Entropy-stabilized metal oxide nanoparticles supported on reduced graphene oxide as a highly active heterogeneous catalyst for selective and solvent-free oxidation of toluene: a combined experimental and numerical investigation

Abstract

Noble metal-free heterogeneous catalysts are highly desired for selective and solvent-free oxidation reactions. However, their practical application has been greatly restricted by their moderate activity. Herein, the scalable synthesis of a noble metal-free (Fe,Co,Ni,Cu)₃O₄ medium entropy oxide (MEO) catalyst and its grafting on reduced graphene oxide (rGO) is detailed. X-ray diffraction (XRD) and scanning electron microscopy (SEM) analyses confirm the formation of a high entropy spinel oxide phase with inclusions of CuO particles as a secondary phase. This MEO@rGO catalyst exhibits excellent performance for solvent-free aerobic oxidation of toluene, with 18.2% conversion after 4 hours and over 90% selectivity for benzaldehyde, outperforming all previously reported catalysts, including those based on noble metals.

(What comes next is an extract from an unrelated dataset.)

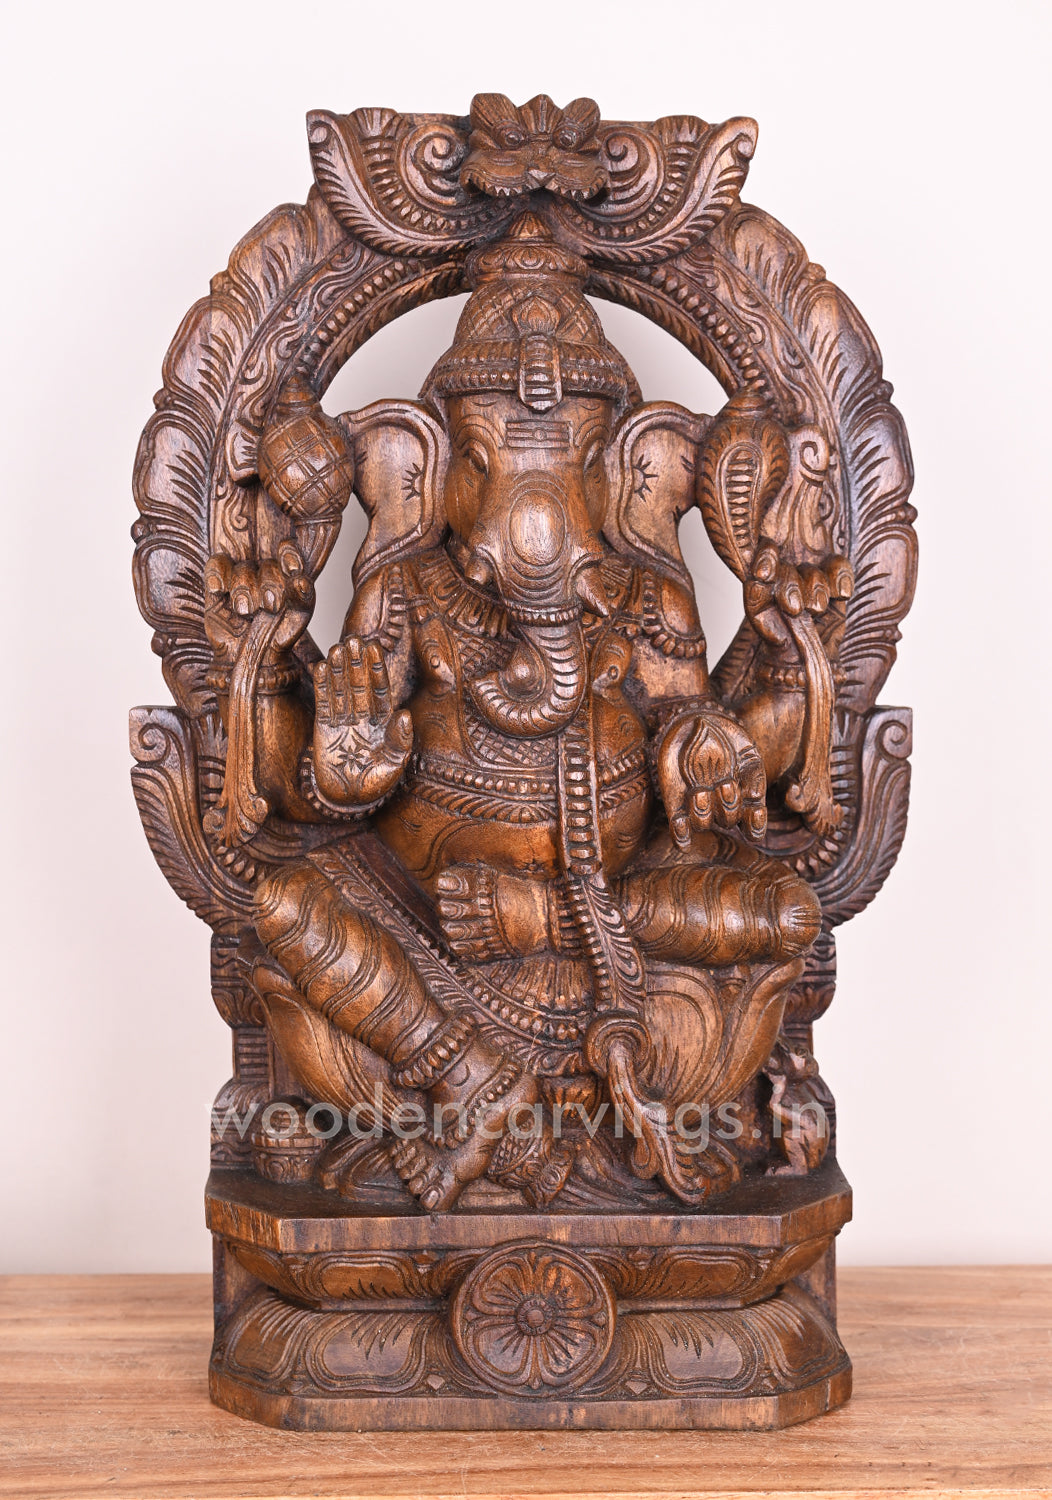 Arch Left Trunk Ganesha Blessing People in Mudra Abhaya on Lotus Wax Brown Wooden Sculpture 24"

A thorough analytical investigation reveals that the outstanding MEO@rGO activity is related to a synergistic effect between the multiple different cations in the MEO, its abundant oxygen vacancies and the active sites on rGO. In addition, four robust machine learning models including adaptive boosting–support vector regression (SVR), Random Forest, K-nearest neighbor and Extra tree are applied to predict selectivity. The Adaboost–SVR model best fits all the experimental data with an average absolute relative error of 0.09%. The proposed model is reliable as an effective predictor for selectivity and has great potential to be used in the chemical and petrochemical industries.